Later, in a dream, I imagined a peacock exploding – BANG. Colors everywhere. A surprised and naked peacock watching hopelessly as its beautiful feathers scattered in the wind and dribbled down to earth. Then, from the bushes, an army of yellow-toothed men in white kurtas scampered to collect the fallen treasures, and proceeded to hand them to foreign students who happened to be walking nearby. Foreign students who harbored secret desires to own peacock feathers.

The once-proud feather now decorates the entrance to my room. It still quivers from the explosion, and shimmers with blue-green enlightenment.

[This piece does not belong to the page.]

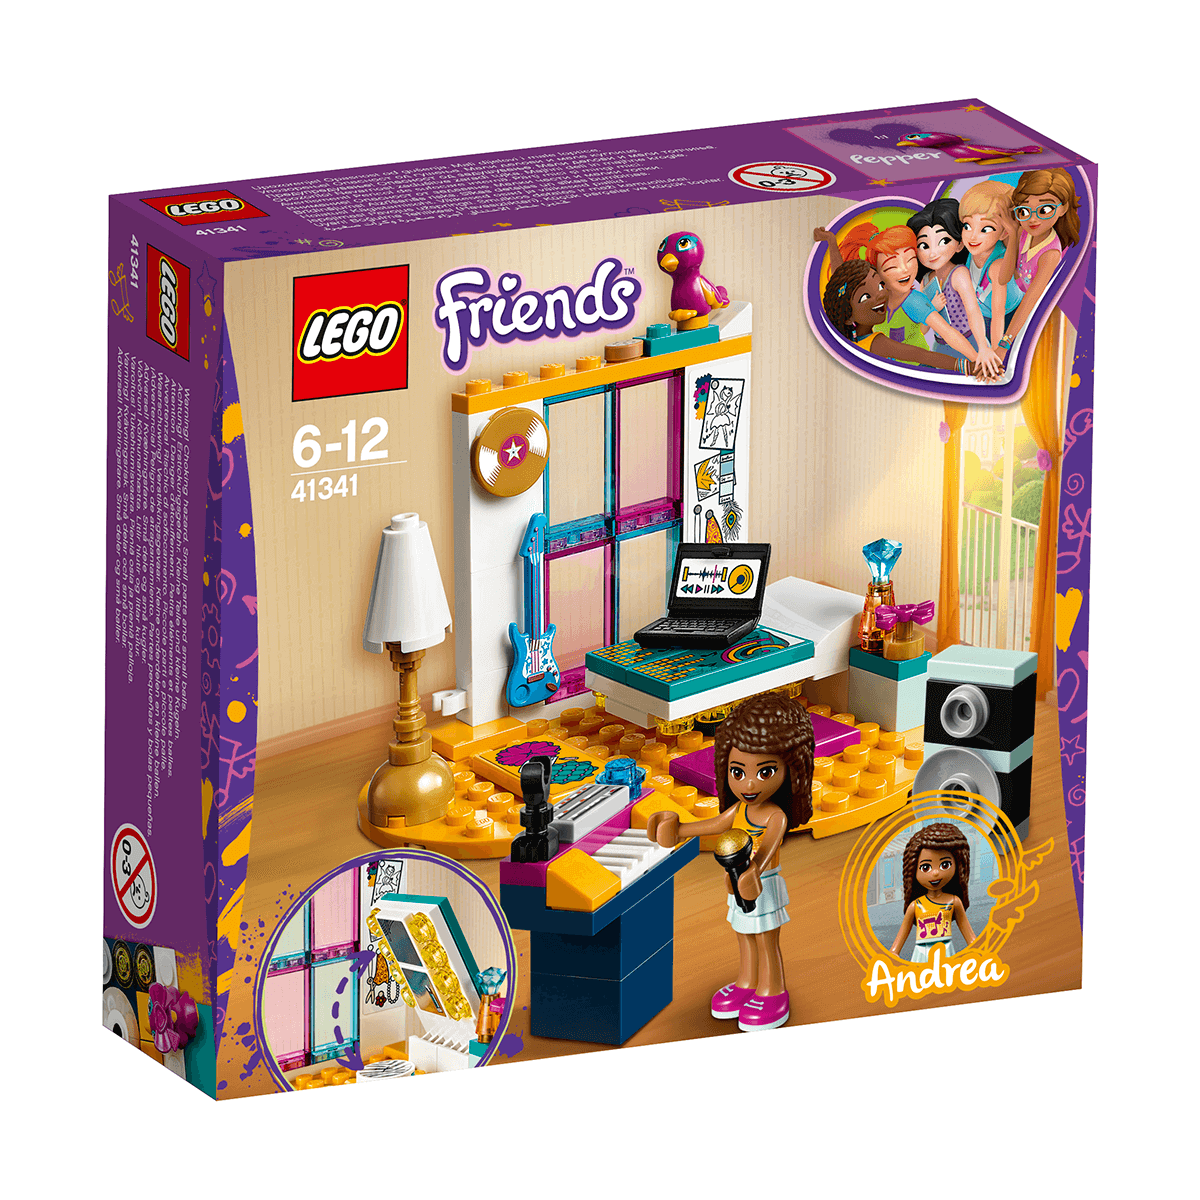 LEGO Friends Andrea's Bedroom - 41341

Day after tomorrow, we leave for Mount Abu, where we will stay for three nights. I’ll tell you all about it when we return. In the meantime, if you haven’t already, you can check out the pictures from the past month, recently posted to my Ofoto site (email rishiblogpics@hotmail.com, password blogpics). Saal Mubarak!

2 Comments:

Anonymous Tina said...

Saal mubarak rishi, everyone misses you! Hope your adventures in India in the new year bring you futher enlightenment (but not too loud:))

3:28 AM  
Anonymous Mansi said...

Sal Mubarak Rishi. The photo of the peacock needs to be framed in your house some day, it is a perfect picture with the green surroundings which perfectly accent the green and brighten the blue of the peacock.

I love how your post invokes the idea of enlightenment through war. (Sounds a little fishy . . . as does U.S. foreign policy right now).